2. We are asked to set aside this verdict, as we did the verdict in the former trial, on the ground that it is against the weight of the testimony. We thought the weight of the testimony as shown by the former record proved that plaintiff’s injuries resulted, not from a collision with defendant’s train, but from a runaway which occurred after *568defendant’s train had passed Davenport street. On this occasion, and on this record, we are less confident of the correctness of that conclusion. Our confidence is somewhat lessened by the fact that since that time two juries, who are the ultimate triers of the issue of fact, have decided that plaintiff’s injuries did result from such collision. It may also be said that on the last trial plaintiff’s evidence was corroborated by the following testimony not introduced on the first trial, viz.: The testimony of disinterested witnesses tending to prove that the injury to plaintiff and her husband was reported to the police authorities earlier than it would have been reported had that injury resulted from a runaway occurring after the train had passed. There is also other corroborating testimony not contained in the former record. We decline, therefore, to again set aside the verdict as against the weight of testimony.

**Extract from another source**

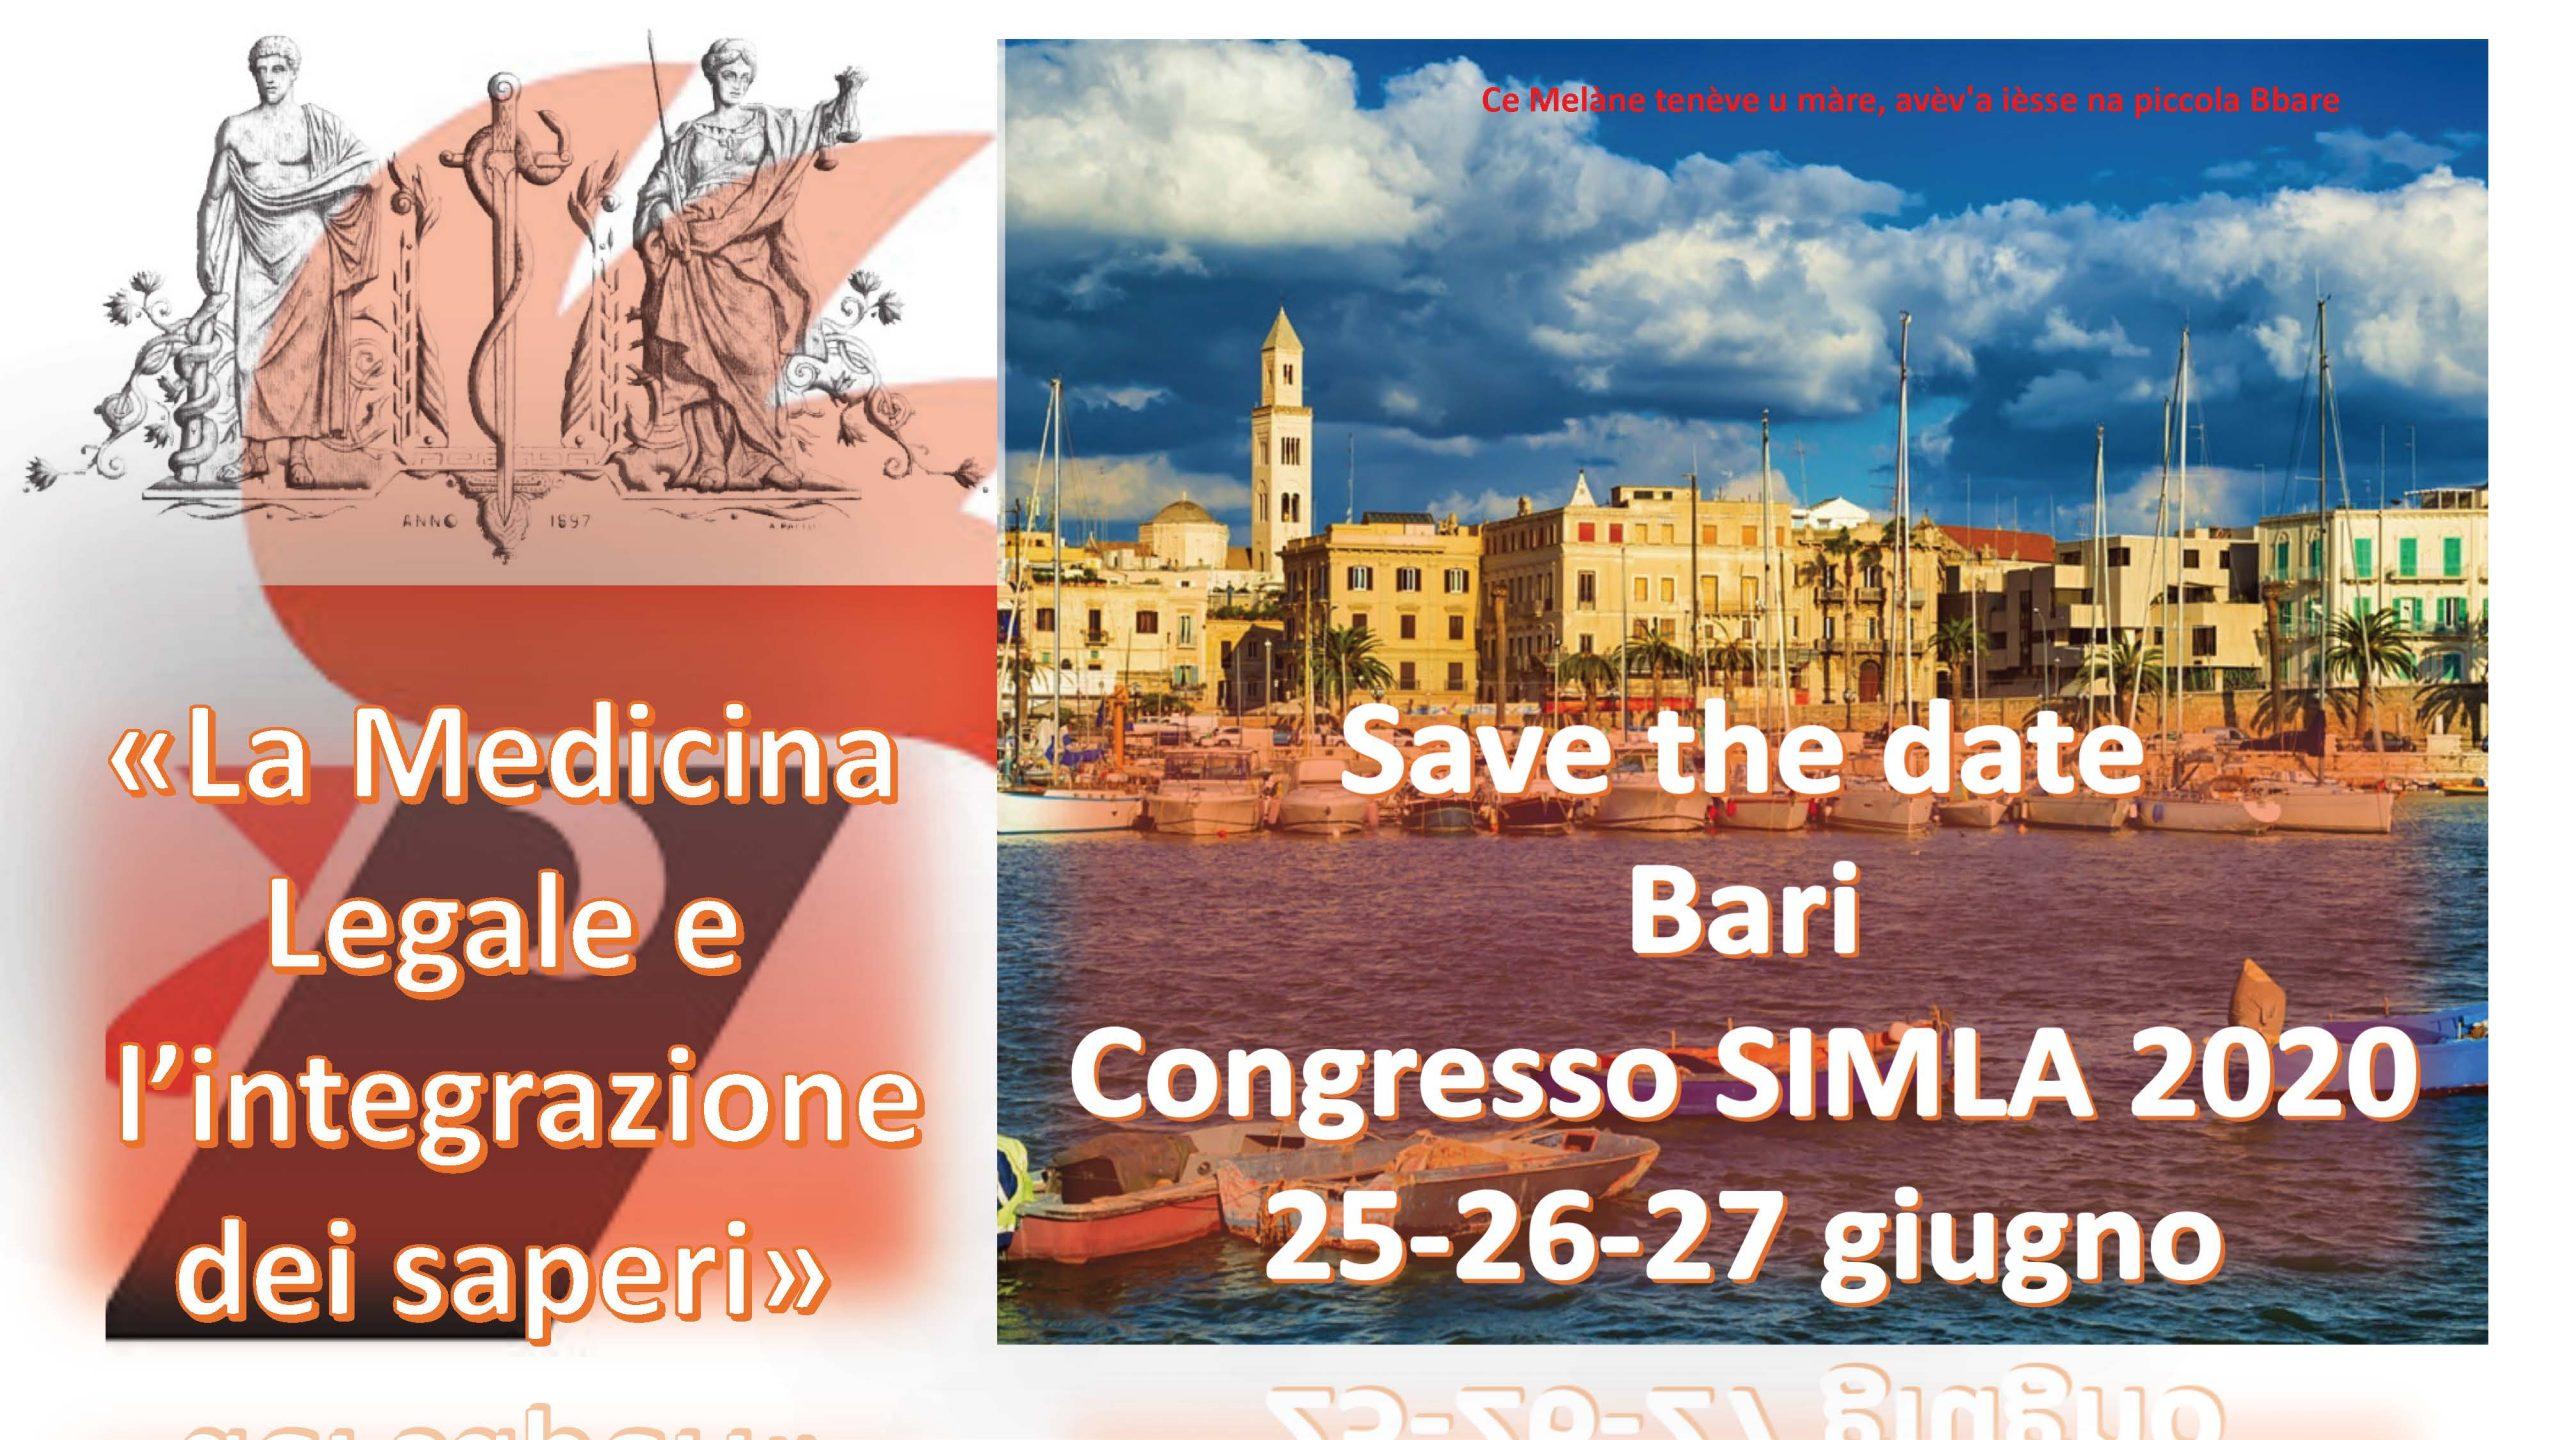 Bari Congresso SIMLA 2020

Complaint is made because the trial court did not give to the jury the following request preferred by defendant:

“ The jury are instructed that they have no right to disregard the testimony of any of defendant’s witnesses through caprice or without cause, merely for the reason that they are in the employ of a railroad company. The credibility of defendant’s witnesses should be judged by the jury precisely the same as they judge the credibility of other witnesses.”

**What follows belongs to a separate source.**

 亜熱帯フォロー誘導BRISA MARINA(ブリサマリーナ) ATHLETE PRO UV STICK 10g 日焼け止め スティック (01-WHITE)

This request might very properly have been given. See Gregory v. Railway, 138 Mich. 368. But it does not follow that it was error to refuse it. The record does not show that anything occurred to indicate to the trial judge that the jury would, and it does not show anything to indicate to us that the jury did, “disregard the testimony of any of defendant’s witnesses through caprice or without cause, merely for the reason that they are in the employ of a railroad company.” Moreover, the trial court charged the jury to “give such credit to the testimony of each witness as, under all the circumstances, such witnesses seem to be enti*569tied to,” and that “it is your imperative duty to try this case and decide the same precisely the same as you would if it were a suit between two individuals, and the fact that the plaintiff is an individual and the defendant a corporation should make no difference.” Under these circumstances, the refusal of the trial judge to give the request under consideration was not error. He was justified in deciding that he had already sufficiently covered the subject, and that the request Would not be helpful to the jury. I think it may also be presumed that the defendant was not prejudiced by such refusal. See Shatter v. Railway, 139 Mich. 171.

Defendant’s counsel was denied the right, in cross-examining both plaintiff and her sister, to ask certain questions which related to their credibility as witnesses. We think the trial court has a discretion respecting such matters which was not abused in this case.

No other complaint demands consideration.

The judgment is affirmed.

McAlvay, Grant, Montgomery, and Hooker, JJ., concurred.